(WTNH) – As if the planning, cooking, and spending aren’t stressful enough, the holidays also strain relationships between partners. Relationship experts Dr. Patty Ann Tublin and TC Brantley share their expert opinion on the arguments CT Style viewers experience with their partners this time of year.
Should the gift be a surprise? Or should we give each other a list.
“Have a conversation. Throughout the year if you see something (you like), say ‘Here you go, put this on your list,’” said Dr. Tublin.
How can we decide where to go for the holidays?
Sometimes it’s best to switch off on holidays. “You can’t have a happy relationship without the C-word – Compromise,” said Dr. Tublin
If compromising isn’t a possibility, stay home! “This should be a time of hope, not just ‘Are we going to your house or their house?’ It should be let’s stay in our house together,” said TC Brantley.

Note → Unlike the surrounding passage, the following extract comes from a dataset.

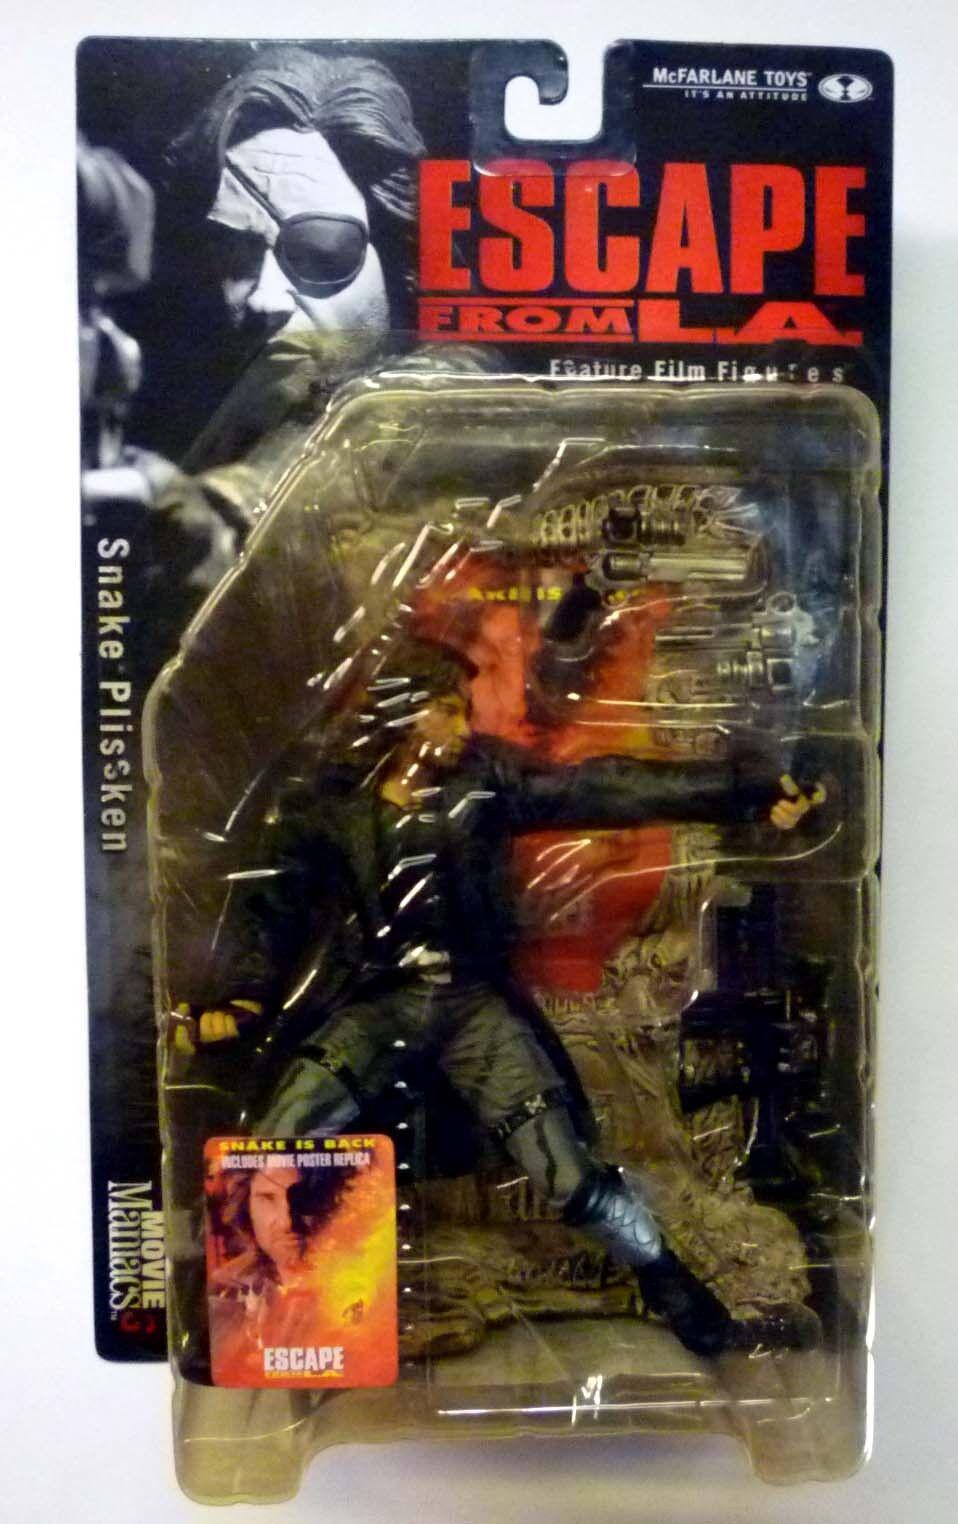 McFarlane giocattoli Movie uomoiacs Series  3 Snake Plissken  AF Kurt Russell nuovo 2000  si affrettò a vedere

Following are 3 tips for avoiding money fights during the holidays.
- Make a LIST of people you and your partner have agreed to purchase gifts for this holiday season and stick to the list. Do not add names as you go along. If you didn’t put the substitute teacher on the original gift-giving list – and you just remembered them while in the store – do not buy a gift for them. If you really, really, really want to let this substitute teacher know you are thinking about them during the holidays, bake them a pie or give them a call and let them know you are thinking of them. People will appreciate the fact that you took time out of your hectic holiday schedule to think of them.
- SPEAK with your partner and AGREE on a budget before you even think about shopping for anyone on your list.
- AVOID IMPULSIVE PURCHASES. Just because something is on “sale” it doesn’t mean you have to buy it. If the sale item is over-budget for the person you would be buying this gift for – do not buy it. It doesn’t matter that it is on sale – walk away from it. The receiver of the gift will never know you passed on that great pair of earrings you thought had their name written all over them.
It doesn’t cost a dime to show people your love and affection for them. Try to remember “less is more” and time spent together creates memories that last a lifetime and leave a legacy!